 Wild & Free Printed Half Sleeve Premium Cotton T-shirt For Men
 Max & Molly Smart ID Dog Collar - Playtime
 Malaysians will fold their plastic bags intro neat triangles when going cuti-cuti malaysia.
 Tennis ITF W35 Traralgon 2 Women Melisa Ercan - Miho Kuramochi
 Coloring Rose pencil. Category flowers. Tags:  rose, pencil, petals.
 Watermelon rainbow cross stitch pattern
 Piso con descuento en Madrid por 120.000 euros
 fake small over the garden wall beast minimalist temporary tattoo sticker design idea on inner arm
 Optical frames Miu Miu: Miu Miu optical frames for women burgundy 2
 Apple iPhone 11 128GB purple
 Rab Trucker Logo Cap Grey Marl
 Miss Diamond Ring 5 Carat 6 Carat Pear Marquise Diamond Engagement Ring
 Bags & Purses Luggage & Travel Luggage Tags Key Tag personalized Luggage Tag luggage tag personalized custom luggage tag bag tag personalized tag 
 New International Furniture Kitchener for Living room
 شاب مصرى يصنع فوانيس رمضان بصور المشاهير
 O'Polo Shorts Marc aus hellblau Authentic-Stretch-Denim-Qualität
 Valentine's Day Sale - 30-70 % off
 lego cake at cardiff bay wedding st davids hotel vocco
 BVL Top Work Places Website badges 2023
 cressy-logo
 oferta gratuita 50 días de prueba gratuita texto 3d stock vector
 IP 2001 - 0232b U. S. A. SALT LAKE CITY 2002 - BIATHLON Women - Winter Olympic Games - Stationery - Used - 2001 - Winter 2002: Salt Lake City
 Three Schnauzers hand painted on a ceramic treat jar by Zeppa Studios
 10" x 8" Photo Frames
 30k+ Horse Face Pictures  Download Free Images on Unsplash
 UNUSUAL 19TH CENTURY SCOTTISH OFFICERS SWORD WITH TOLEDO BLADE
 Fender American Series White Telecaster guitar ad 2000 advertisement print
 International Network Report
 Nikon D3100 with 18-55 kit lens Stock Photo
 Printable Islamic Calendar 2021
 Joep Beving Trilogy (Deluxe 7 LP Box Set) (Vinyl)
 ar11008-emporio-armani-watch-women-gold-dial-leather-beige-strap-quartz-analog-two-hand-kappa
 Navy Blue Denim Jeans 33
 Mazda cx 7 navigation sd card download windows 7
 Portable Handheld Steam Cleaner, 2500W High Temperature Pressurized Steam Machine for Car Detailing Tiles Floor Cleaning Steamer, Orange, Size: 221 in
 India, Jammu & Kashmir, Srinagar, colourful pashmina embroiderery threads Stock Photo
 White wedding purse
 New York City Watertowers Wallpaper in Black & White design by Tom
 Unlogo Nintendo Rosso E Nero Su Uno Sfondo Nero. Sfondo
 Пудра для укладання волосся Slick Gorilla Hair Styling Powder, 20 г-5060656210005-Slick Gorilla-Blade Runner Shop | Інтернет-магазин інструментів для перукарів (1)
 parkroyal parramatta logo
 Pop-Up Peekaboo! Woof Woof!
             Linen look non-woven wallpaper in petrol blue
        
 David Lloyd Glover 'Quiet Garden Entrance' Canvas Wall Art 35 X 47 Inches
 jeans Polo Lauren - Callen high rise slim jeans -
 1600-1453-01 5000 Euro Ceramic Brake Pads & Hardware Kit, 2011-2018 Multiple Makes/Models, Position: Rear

--------------------

### WHAT IS NEEDED
Return the material in full, exactly as shown.

### WRITTEN ANSWER
 Wild & Free Printed Half Sleeve Premium Cotton T-shirt For Men
 Max & Molly Smart ID Dog Collar - Playtime
 Malaysians will fold their plastic bags intro neat triangles when going cuti-cuti malaysia.
 Tennis ITF W35 Traralgon 2 Women Melisa Ercan - Miho Kuramochi
 Coloring Rose pencil. Category flowers. Tags:  rose, pencil, petals.
 Watermelon rainbow cross stitch pattern
 Piso con descuento en Madrid por 120.000 euros
 fake small over the garden wall beast minimalist temporary tattoo sticker design idea on inner arm
 Optical frames Miu Miu: Miu Miu optical frames for women burgundy 2
 Apple iPhone 11 128GB purple
 Rab Trucker Logo Cap Grey Marl
 Miss Diamond Ring 5 Carat 6 Carat Pear Marquise Diamond Engagement Ring
 Bags & Purses Luggage & Travel Luggage Tags Key Tag personalized Luggage Tag luggage tag personalized custom luggage tag bag tag personalized tag 
 New International Furniture Kitchener for Living room
 شاب مصرى يصنع فوانيس رمضان بصور المشاهير
 O'Polo Shorts Marc aus hellblau Authentic-Stretch-Denim-Qualität
 Valentine's Day Sale - 30-70 % off
 lego cake at cardiff bay wedding st davids hotel vocco
 BVL Top Work Places Website badges 2023
 cressy-logo
 oferta gratuita 50 días de prueba gratuita texto 3d stock vector
 IP 2001 - 0232b U. S. A. SALT LAKE CITY 2002 - BIATHLON Women - Winter Olympic Games - Stationery - Used - 2001 - Winter 2002: Salt Lake City
 Three Schnauzers hand painted on a ceramic treat jar by Zeppa Studios
 10" x 8" Photo Frames
 30k+ Horse Face Pictures  Download Free Images on Unsplash
 UNUSUAL 19TH CENTURY SCOTTISH OFFICERS SWORD WITH TOLEDO BLADE
 Fender American Series White Telecaster guitar ad 2000 advertisement print
 International Network Report
 Nikon D3100 with 18-55 kit lens Stock Photo
 Printable Islamic Calendar 2021
 Joep Beving Trilogy (Deluxe 7 LP Box Set) (Vinyl)
 ar11008-emporio-armani-watch-women-gold-dial-leather-beige-strap-quartz-analog-two-hand-kappa
 Navy Blue Denim Jeans 33
 Mazda cx 7 navigation sd card download windows 7
 Portable Handheld Steam Cleaner, 2500W High Temperature Pressurized Steam Machine for Car Detailing Tiles Floor Cleaning Steamer, Orange, Size: 221 in
 India, Jammu & Kashmir, Srinagar, colourful pashmina embroiderery threads Stock Photo
 White wedding purse
 New York City Watertowers Wallpaper in Black & White design by Tom
 Unlogo Nintendo Rosso E Nero Su Uno Sfondo Nero. Sfondo
 Пудра для укладання волосся Slick Gorilla Hair Styling Powder, 20 г-5060656210005-Slick Gorilla-Blade Runner Shop | Інтернет-магазин інструментів для перукарів (1)
 parkroyal parramatta logo
 Pop-Up Peekaboo! Woof Woof!
             Linen look non-woven wallpaper in petrol blue
        
 David Lloyd Glover 'Quiet Garden Entrance' Canvas Wall Art 35 X 47 Inches
 jeans Polo Lauren - Callen high rise slim jeans -
 1600-1453-01 5000 Euro Ceramic Brake Pads & Hardware Kit, 2011-2018 Multiple Makes/Models, Position: Rear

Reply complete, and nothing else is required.